■ **How to complete this task**: Tally the lines below that contain "Pictures" and reply with only the tally.
::: Data in this exercise :::
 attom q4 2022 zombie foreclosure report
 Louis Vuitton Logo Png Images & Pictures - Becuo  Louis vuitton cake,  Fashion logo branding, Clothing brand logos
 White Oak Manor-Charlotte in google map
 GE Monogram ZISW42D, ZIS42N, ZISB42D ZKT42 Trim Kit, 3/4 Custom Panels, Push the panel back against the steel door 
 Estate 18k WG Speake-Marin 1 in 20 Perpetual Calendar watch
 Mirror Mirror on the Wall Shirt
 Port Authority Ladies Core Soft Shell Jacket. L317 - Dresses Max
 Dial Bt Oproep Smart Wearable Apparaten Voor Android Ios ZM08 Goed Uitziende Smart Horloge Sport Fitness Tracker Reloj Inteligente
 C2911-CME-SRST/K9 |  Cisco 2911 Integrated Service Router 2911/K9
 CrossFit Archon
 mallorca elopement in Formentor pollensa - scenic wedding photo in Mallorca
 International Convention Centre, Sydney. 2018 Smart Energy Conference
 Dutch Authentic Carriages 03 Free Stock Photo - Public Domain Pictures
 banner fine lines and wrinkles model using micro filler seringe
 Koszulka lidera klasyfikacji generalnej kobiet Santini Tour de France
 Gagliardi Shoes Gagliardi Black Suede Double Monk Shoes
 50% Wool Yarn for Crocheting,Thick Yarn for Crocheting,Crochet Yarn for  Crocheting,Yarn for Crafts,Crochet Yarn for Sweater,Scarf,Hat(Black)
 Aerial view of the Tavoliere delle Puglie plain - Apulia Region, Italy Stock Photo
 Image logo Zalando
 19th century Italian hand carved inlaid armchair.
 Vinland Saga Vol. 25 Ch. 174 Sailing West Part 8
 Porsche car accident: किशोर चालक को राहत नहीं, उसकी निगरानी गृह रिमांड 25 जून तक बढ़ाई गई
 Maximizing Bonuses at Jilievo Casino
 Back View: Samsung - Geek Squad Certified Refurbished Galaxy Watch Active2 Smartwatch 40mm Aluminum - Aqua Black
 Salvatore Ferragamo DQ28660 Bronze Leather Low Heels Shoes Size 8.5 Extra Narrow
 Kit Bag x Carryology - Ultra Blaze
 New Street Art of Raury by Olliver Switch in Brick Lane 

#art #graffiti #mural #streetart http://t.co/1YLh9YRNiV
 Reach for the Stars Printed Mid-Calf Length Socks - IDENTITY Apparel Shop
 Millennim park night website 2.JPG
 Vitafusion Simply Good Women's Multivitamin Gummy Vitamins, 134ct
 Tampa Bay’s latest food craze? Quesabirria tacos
:::
■ **Completed exercise**: 2